The map shows the location of the MACHO and bathymetry in NE Taiwan waters. From 2011 to 2014, a bottom-mounted hydrophone was located approximately 28 km east of Ilan County. Underwater recordings were transmitted to a land station through a 45-km-long submarine cable.

https://doi.org/10.1371/journal.pcbi.1008698.g001

Sounds of geophysical events are essential components of marine soundscapes off NE Taiwan. Earthquake-induced underwater sounds are evident in the infrasound range because of active interactions between the Philippine Sea Plate and the Eurasian Plate [46]. The climate of NE Taiwan is heavily influenced by the northeastern monsoon, especially from fall to winter. The northeastern monsoon brings strong winds and heavy rainfall, significantly affecting the range between 0.5 and 5 kHz [42]. Shipping activity is another vital source of abiotic sounds. Suao and Nanfangao Ports are the largest industrial and fishing ports in Ilan County. From 2011 to 2014, approximately 1200 containers were transported to and from Suao Port each year, and more than 700 fishing vessels were registered at Nanfangao Port.

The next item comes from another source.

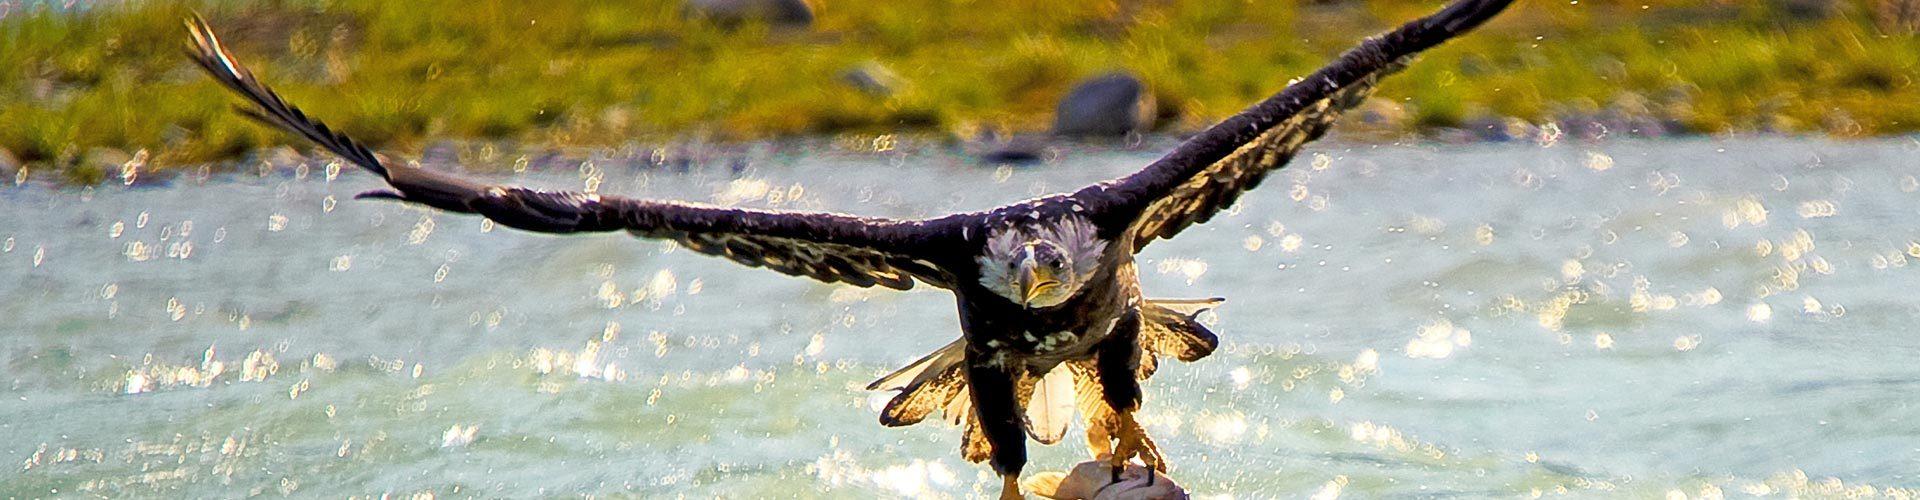 Adler mit Beute im Wrangell St. Elias National Park

The MACHO recordings represent a valuable database for investigating soundscapes off NE Taiwan. However, the entire dataset has yet to be extensively investigated, and acoustic analysis is challenging owing to the continuous interference of highly variable electrical noise [47]. Moreover, the recordings contain multiple types of biotic and abiotic sounds that may be overlapping in time or frequency domains, and each sound source also possesses spectral variability. In order to reduce the interference among sound sources, the present study applied audio source separation in the information retrieval of soundscapes and investigated the patterns of acoustic phenology and the diversity of cetacean vocalizations, fish choruses, and abiotic sounds across 2.5 years of MACHO recordings.

Results

From October 9, 2011, to May 15, 2014, the MACHO collected 946 days of underwater recordings. We generated a long-term spectral average (LTSA) based on 30-s and 93.75-Hz resolution. Nevertheless, the visualization of the entire dataset still requires at least 36 GB of memory. To reduce computational resource burden, we selected 12 days of audio data to generate an LTSA. Subsequently, we applied the PC-NMF to learn 90 spectral features from the LTSA and then separated them into four independent sound sources.

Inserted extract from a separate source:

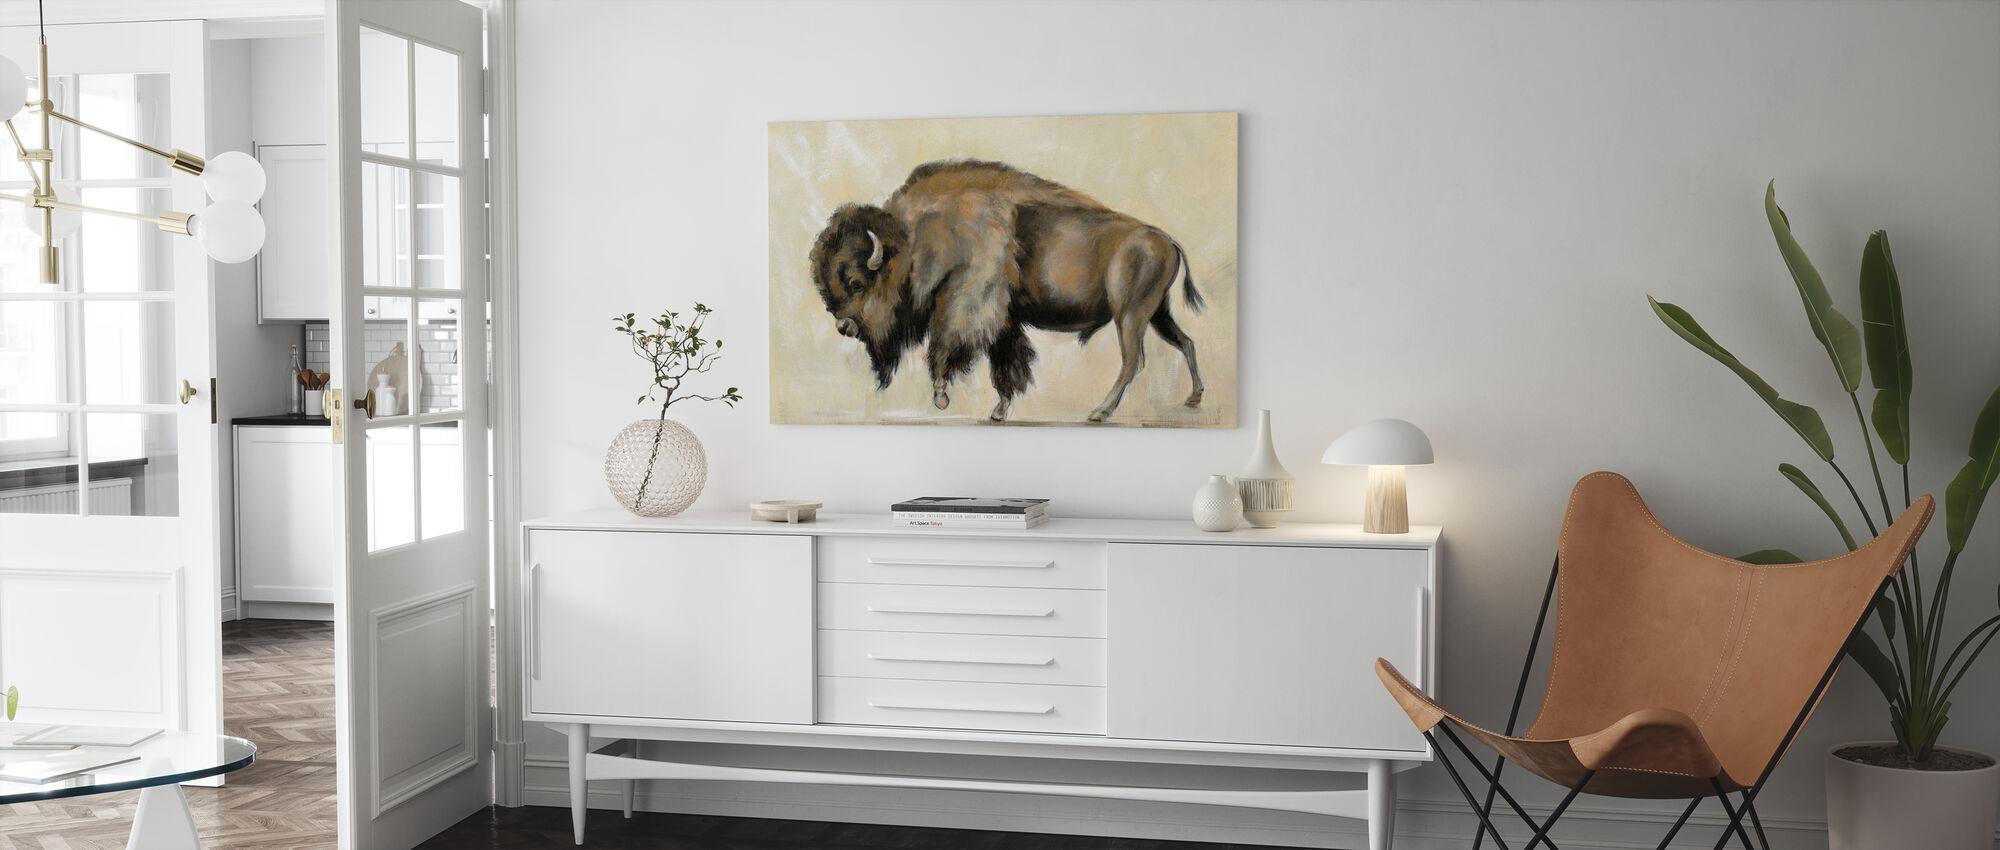 Brons Buffalo - Canvastavla - Vardagsrum

Source separation performance

According to their spectral characteristics, the four sound sources were abiotic sounds, fish choruses, cetacean vocalizations, and electrical noise generated by the MACHO (Fig 2). The source separation model correctly identified 67.33% of cetacean vocalizations when the false-positive rate was set to 5%, but it failed to separate fish choruses and low-frequency abiotic sounds. We investigated the temporal activations and manually adjusted the source indicators of the two spectral features associated with fish choruses. After the adjustment, the model outperformed conventionally applied band-pass filters (S1 Fig) and correctly identified 73.10% of fish choruses and 85.99% of cetacean vocalizations at the same false-positive rate (5%).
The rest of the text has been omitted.